Let’s back up a bit and take a look at where the neck actually begins and ends. Anatomically speaking, your neck extends from the first cervical vertebra just beneath your skull to the 7th cervical vertebra. But when you turn your head, these aren’t the only moving parts.
Your cervical spine connects very directly to your thoracic spine (mid-back), which in turn links to your lumbar spine in your lower back. Your lumbar spine is hooked up to your sacrum – the large triangular shaped bone that wedges into your pelvis.
Drawing lines between different body parts is as artificial as our political borders. They don’t exist, except as constructs of our minds.
If you keep stretching your neck and the pain keeps returning, it’s because something else is out of balance and it’s contributing to the tightness further up the chain.
My advice? Look at your hips. In our modern culture, all of us – ALL of us – sit way more than we should. We sit to work, sit to drive, sit to eat, even sit to relax. Some of us even sit to exercise!
Sitting puts our hips into flexion, bringing the knees closer to the chest and contracting the front line of the body. This isn’t a problem for short durations, but getting stuck in flexion, as so many modern people are, causes dysfunctional spinal movement and, ultimately, neck and shoulder pain.
Now it’s all starting to come together, right? The body is a system where each piece and part is dependent on every other piece for function and balance. So, how can you address the restrictions in your hips?
Hips are complicated. There are myriad muscles crossing over joints and attaching at different points, some deep inside the pelvis. But the most important thing you can do to restore proper hip function is to treat your flexion addiction.
Hip flexors are the muscles that – you guessed it – flex the hip. The largest of these are the quadriceps, four large muscles that make up the front of your thigh.
A much deeper and also much more difficult to stretch hip flexor is your psoas, which runs from the front of your spine just behind your solar plexus down to the inside of your leg.
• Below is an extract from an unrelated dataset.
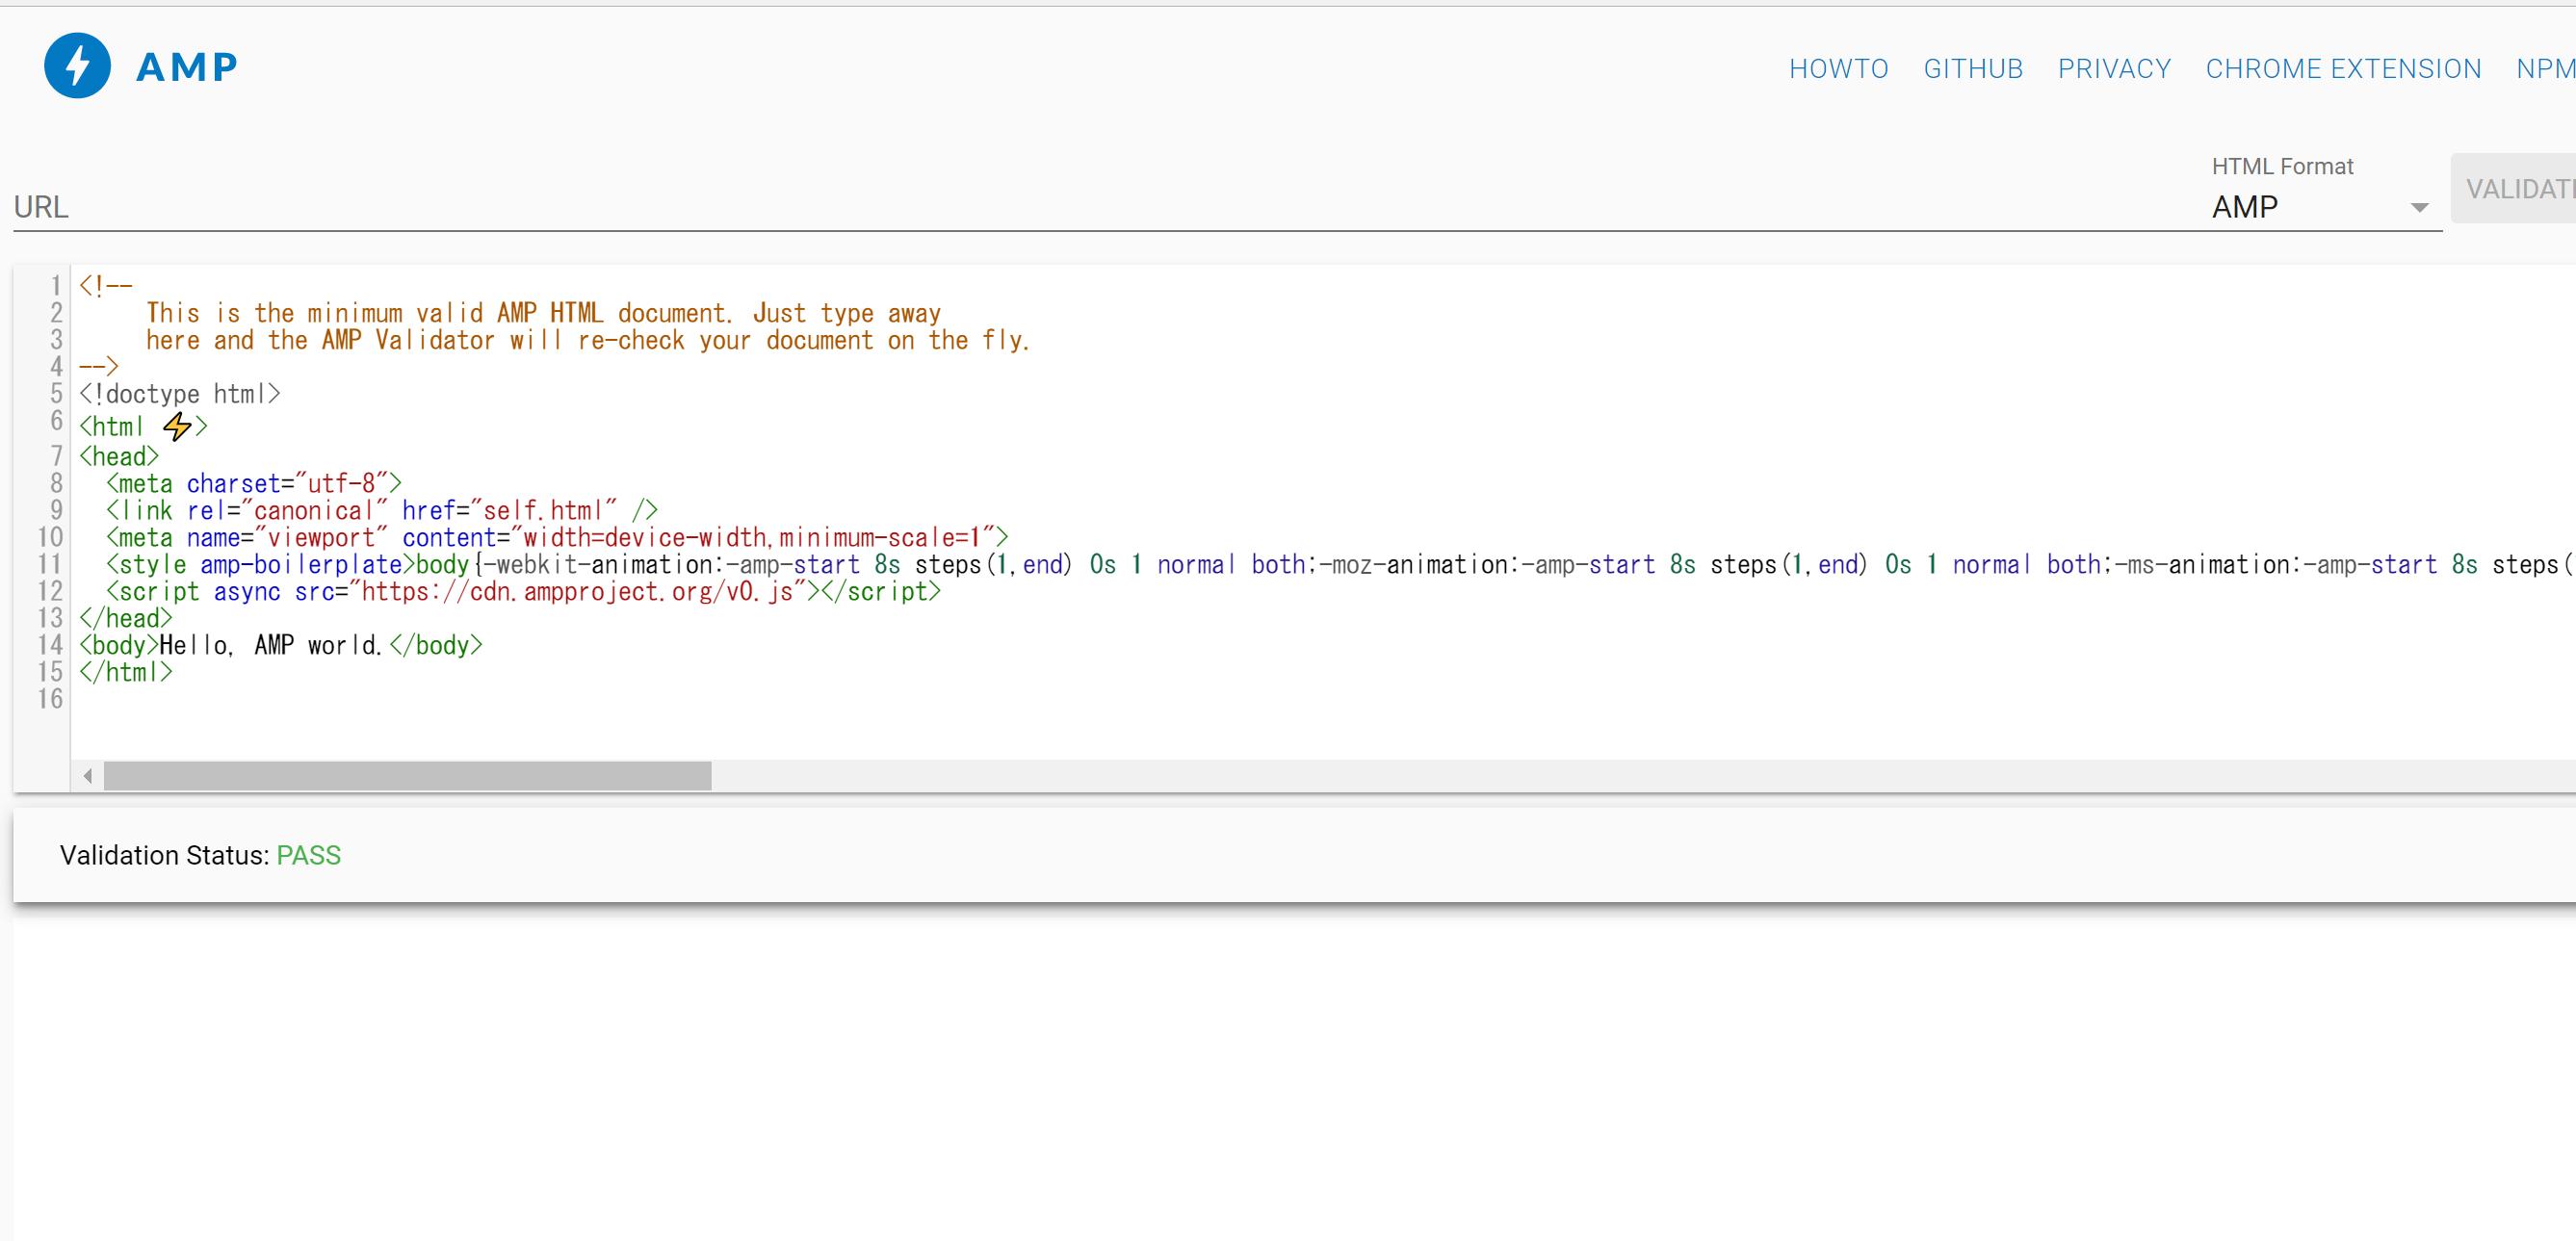 amp validator - WordPressでプラグインでAMP対応するには?メリット・デメリットは?

This guy is deep, in more ways that one.
The psoas tends to store a lot of negative emotion, namely fear and anxiety. When you feel threatened in any way, the tendency is to “go fetal,” or fold yourself up into your belly to protect your sensitive organs.
Even if you don’t get fully into the fetal position, chronic stress and insecurity can create a shortening of the psoas in an approximation of the fetal position.
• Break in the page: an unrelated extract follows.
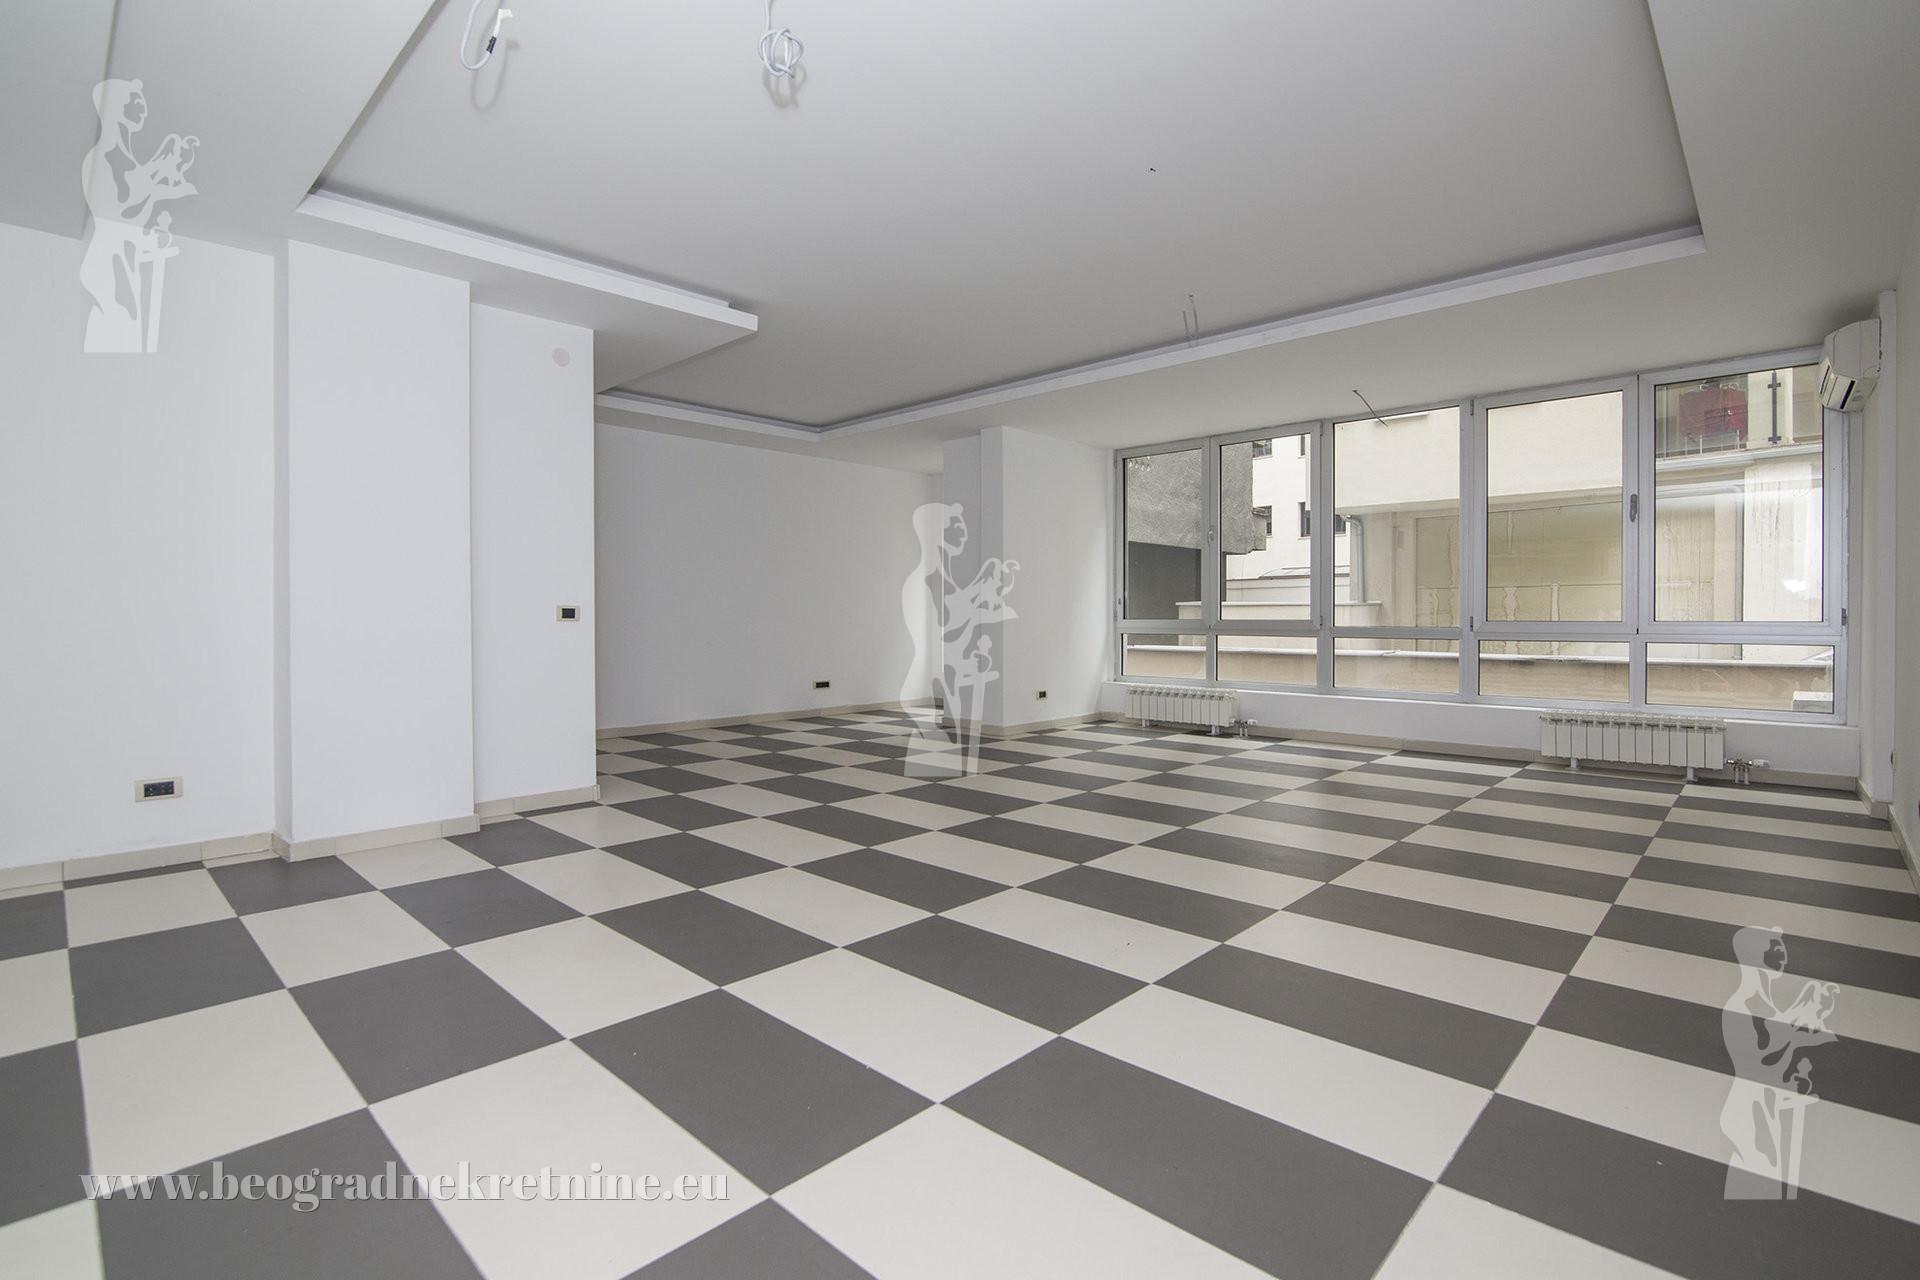 Poslovni prostor 140 m2 Kalenić

The psoas is also deeply linked with breathing because the place where it connects to your spine is just below your diaphragm. So, a tight, restricted psoas will keep your breath shallow, which in turn raises stress levels and increases overall physical tension.
Opening up the front of the hips gives length to your spine, takes pressure off of your neck, allows you to breathe more deeply and ultimately reduces overall tension in your body. That’s a lot of bang for your stretching buck!
Try this simple dynamic hip flexor stretch to release your quads and psoas, and then leave me a comment and let me know how it goes for you!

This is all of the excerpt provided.